Benchmarking a program of the above form will likely reveal that kernels launched the loop become progressively slower. Furthermore, kernel caching doesn’t work, and 1000 separate costly compilation steps are needed. What is going on?!

The problem is that the random number generator has an internal state variable rng.state that evolves whenever the function f fetches a new sample (e.g., using rng.next_float32()). If we never explicitly evaluate the random number generator, then these updates remain in computation graph form. Consequently, each iteration of the loop will repeat all (up to 1000) steps to re-play the rng state up to the current iteration, which breaks caching and causes the progressive slowdown. The fix is easy:

dr.eval(x, rng)

we must simply remember to also evaluate the rng variable.

Element-wise access¶

Element-wise access along the trailing (vectorized) dimension of Dr.Jit arrays is best avoided.
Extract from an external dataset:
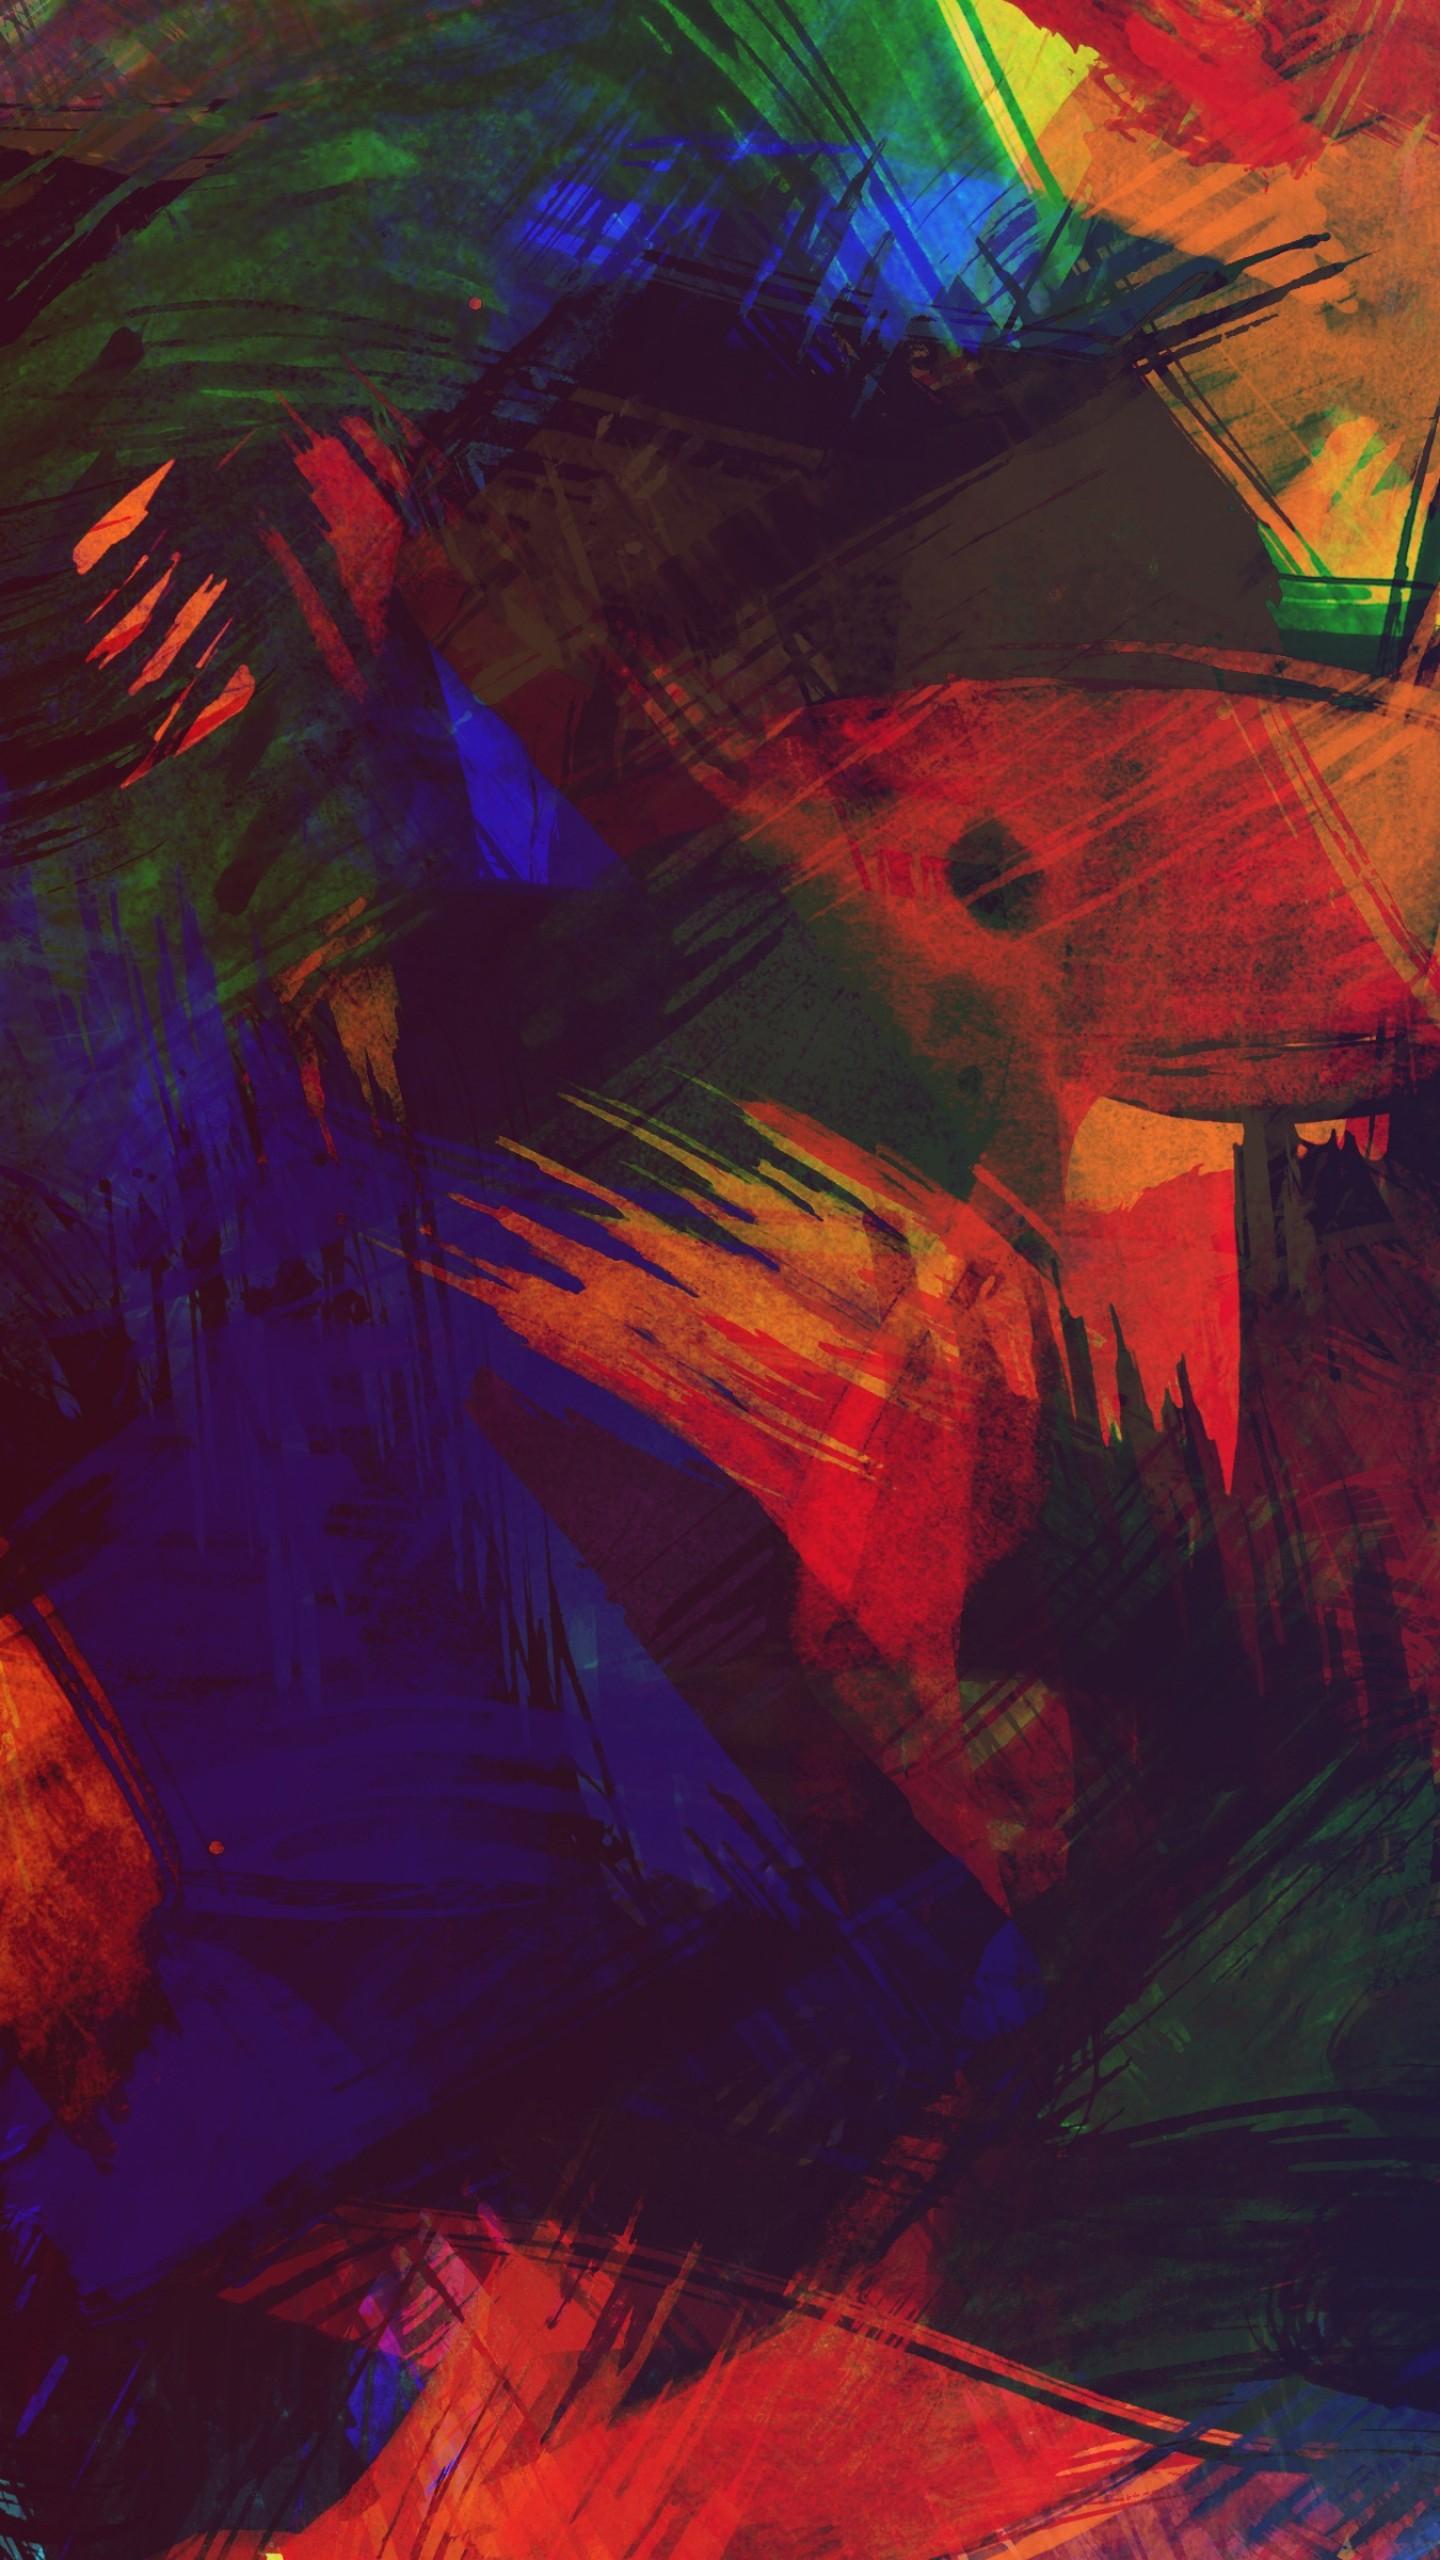 عکس زمینه بافت رنگارنگ نقاشی مدرن پس زمینه

For example, the following is inefficient:

x: Float = f(...) # Some function, which produces a large output array
for i in range(len(x)):
    if x[i] < 0:
        raise Exception('Negative element found!')

If x is a 1-million entry drjit.cuda.Float array, the loop will generate 1 million separate PCI-Express transactions that each copy a tiny 4-byte value to the CPU. This is on top of the general inefficiency of iterating over many values in an interpreted programming language.

Instead, prefer vectorized constructions:

if dr.any(x < 0):
    raise Exception('Negative element found!')

If you absolutely must iterate over scalar elements, it’s better to use a host-centric array framework, e.g., by calling x.numpy() to convert x into a NumPy array.